Ribo-Seq reads were stripped of adaptor sequences using cutdapt, and contaminants such as transfer RNAs (tRNAs) and rRNA were removed by alignment to a contaminants index via Bowtie v 2.3.5, consisting of nucleotide sequences from known human rRNA and tRNA sequences drawn from the GENCODE annotation v2487. Unaligned reads from this analysis were then aligned to human genome version hg19 with the STAR v 2.6.1a_08-2788 splice-aware alignment tool allowing for up to 1 mismatch. The star genome index was built using GENCODE v24 (lift 37). Reads with up to 20 multi-mapping positions were included, with multi-mapping reads beings separately treated in subsequent periodicity analysis. The RIboseQC pipeline v1.089 was used to deduce P-site positions from the Ribo-Seq reads, and the P-site data were then used as input into the ORFquant pipeline v0.990 in combination with custom R scripts86 for ORF calling. The ORFquant pipeline searches for the periodic ribosomal footprint pattern characteristic of translated ORFs using a supplied database of transcripts, yielding a set of ORFs corresponding to known coding regions, as well as ORFs originating from UTRs, non-coding RNAs, intron retentions, and read-through events. The 0D5P samples had a median of 2.8 million reads mapped to coding sequences per sample, which constituted a median of 81% of the total reads (Supplementary Table 2). Since the false-positive rate of periodicity based ORF calling is thought to be tolerant of non-periodic sources of noise such as genomic contamination, we included all samples for 0D5P. ORFs were called in both individual libraries and in the pooled set of all libraries for 0D5P, and ORFs that were fully contained within ORFs detected in another library were merged. ORFs were tested for periodicity, by a multitaper test86, and those with a p-value below 0.05 were retained for analyses.

Polypeptide sequences in fasta format were generated from the coordinates of these ORFs and used for both validation of the peptides found using the RNA-Seq-based database and as a de novo-assembled database for the subsequent round of peptide detection. Peptides were considered validated by Ribo-Seq if they matched anywhere within the translated ORF sequences.

Ribo-Seq profile plots were plotted with P-site numbers per-base on a log2 (n + 1) scale.

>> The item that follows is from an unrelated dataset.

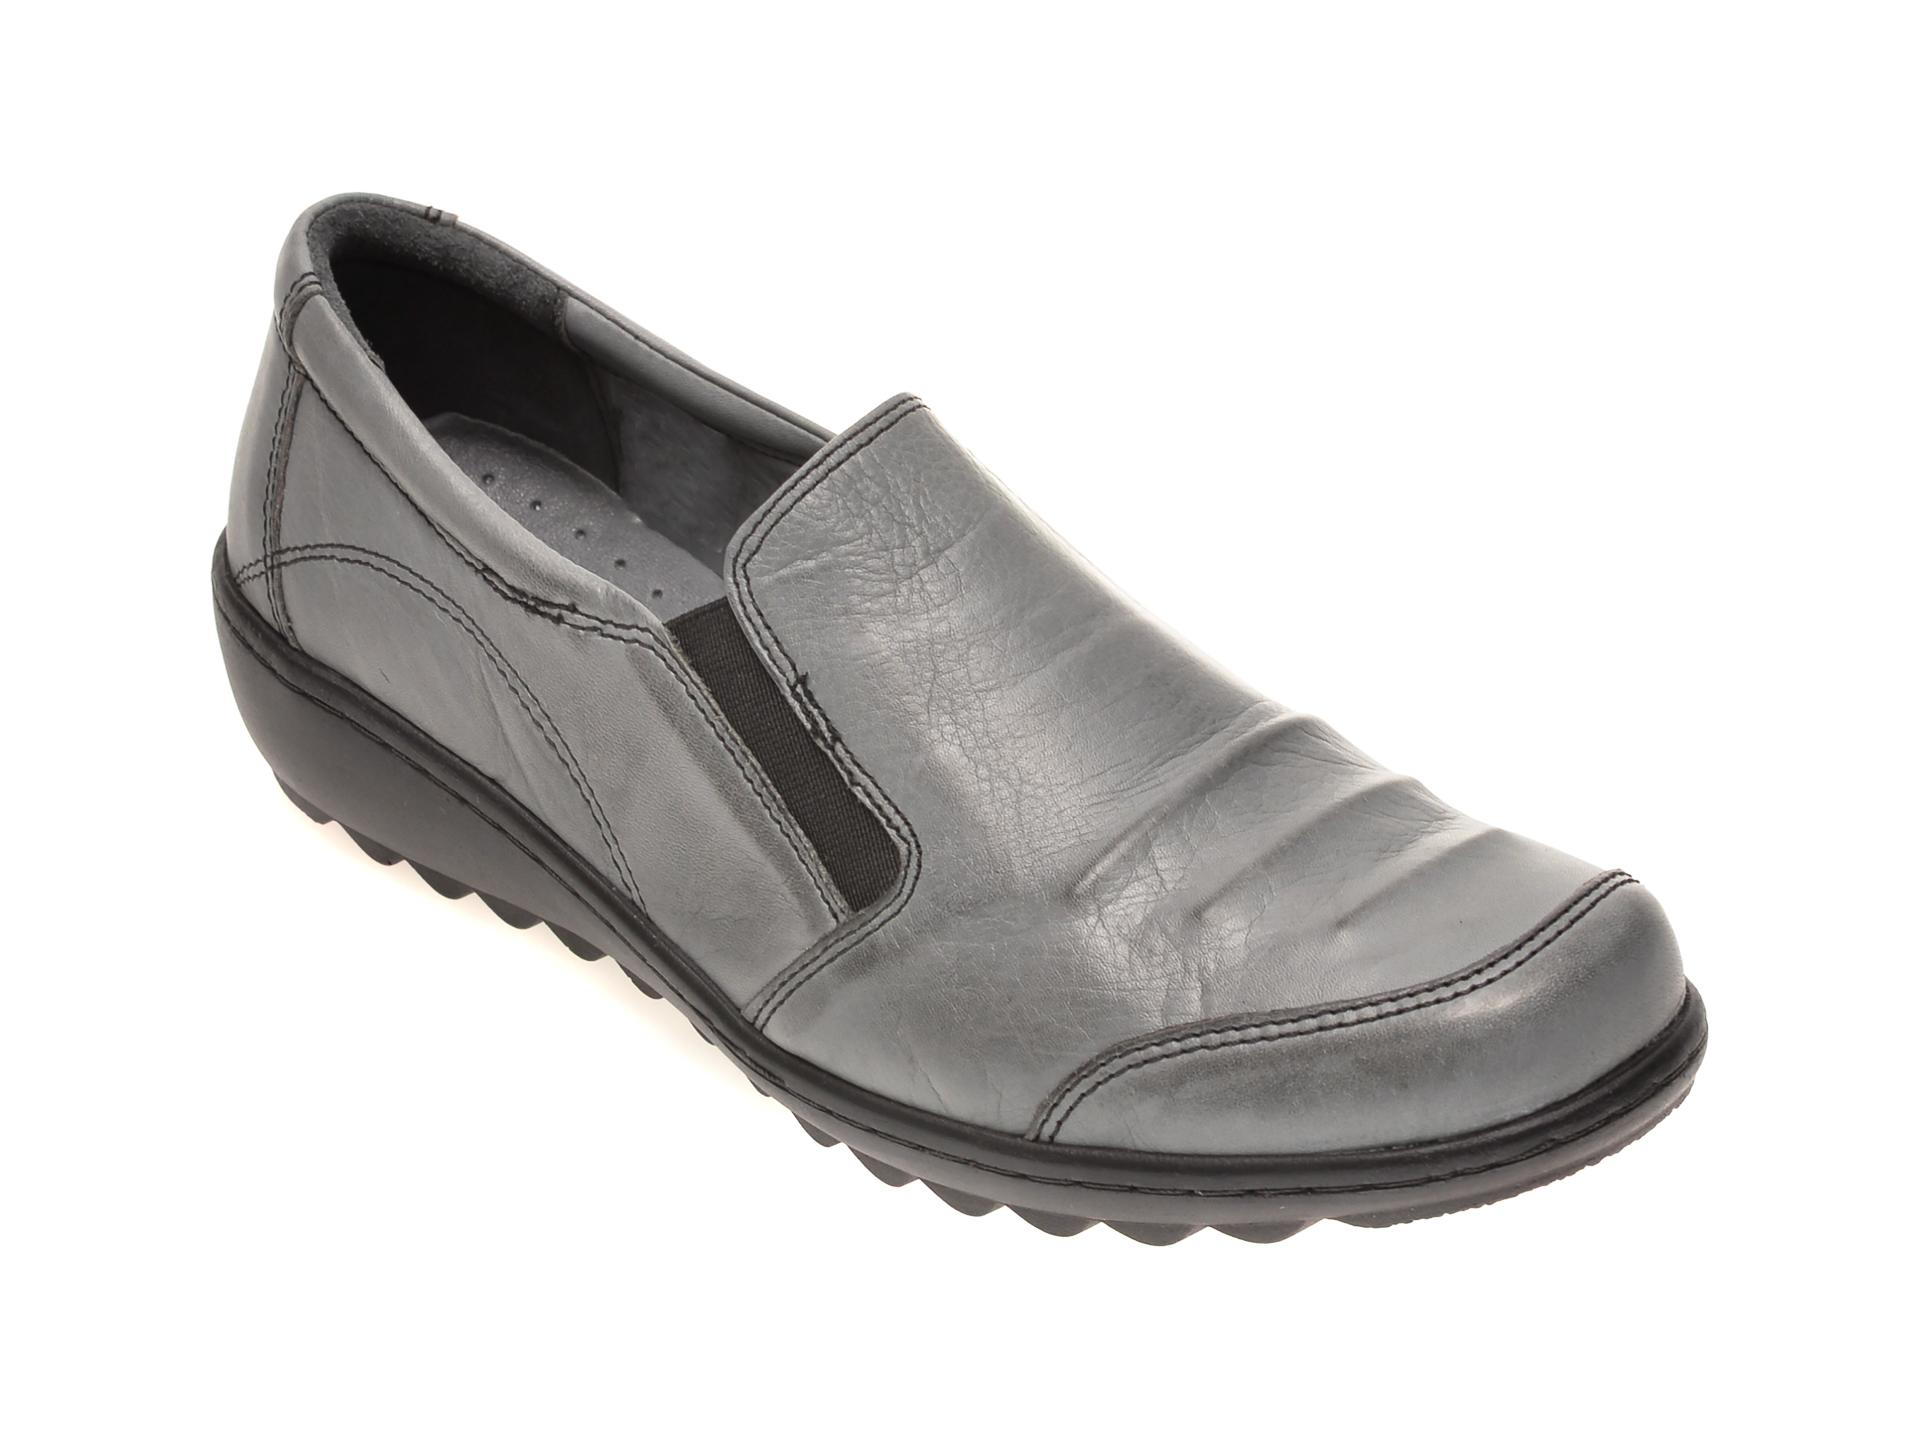 Pantofi PASS COLLECTION gri, 15115, din piele naturala

The 10x genomics pipeline and gene expression analyses

For single-cell library preparation on the 10x Genomics platform, the Chromium Single-Cell 3′ Library and SingleCell 3ʹ Reagent v3 were utilized, together with the 10x Chromium single-cell controller instrument in accordance with the official CG000183 RevA user guide. A total of 1692 0D5P cells were captured for single-cell transcriptomics. The resulting cDNA libraries were sequenced on NextSeq v 2.5 (with Illumina protocol #15048776). Cell Ranger v.3.0.1 software (10x Genomics, was used to process data generated using the 10x Chromium platform, with a restriction of including only 1400 cells to avoid cells or debris with low unique molecular identifier (UMI) counts. This approach led to the detection of 19,178 genes with a mean of 125,937 mapped reads. Genes present in at least five cells and cells with at least 200 genes but no >50% of mito genes were retained for analysis, resulting in a reduced matrix of 15,710 genes over 1365 cells.

The raw counts were log-normalized using the NormalizeData implemented in the Seurat R package (Seurat v3). Prior to further processing, we scaled the data to remove cell-cell variations due to cell cycling or a high percentage of mitochondrial genes. For cell cycling correction, we followed the scoring strategy described by Tirosh et al.91: each cell was assigned a Cell Cycle score and the difference between G2M and S phase scores was regressed out. Clusters were obtained using a graph-based method implemented in Seurat (FindClusters with a resolution set to 0.5), leading to the identification of five clusters. Marker genes for each cluster were identified with FindMarkers from Seurat by setting the logFC threshold parameter to 0.15. Marker genes with an adjusted Bonferroni p-value <0.05 were considered significantly differentially expressed. Functional analyses of each cluster were performed with STRING-db v11 using their corresponding marker genes as input.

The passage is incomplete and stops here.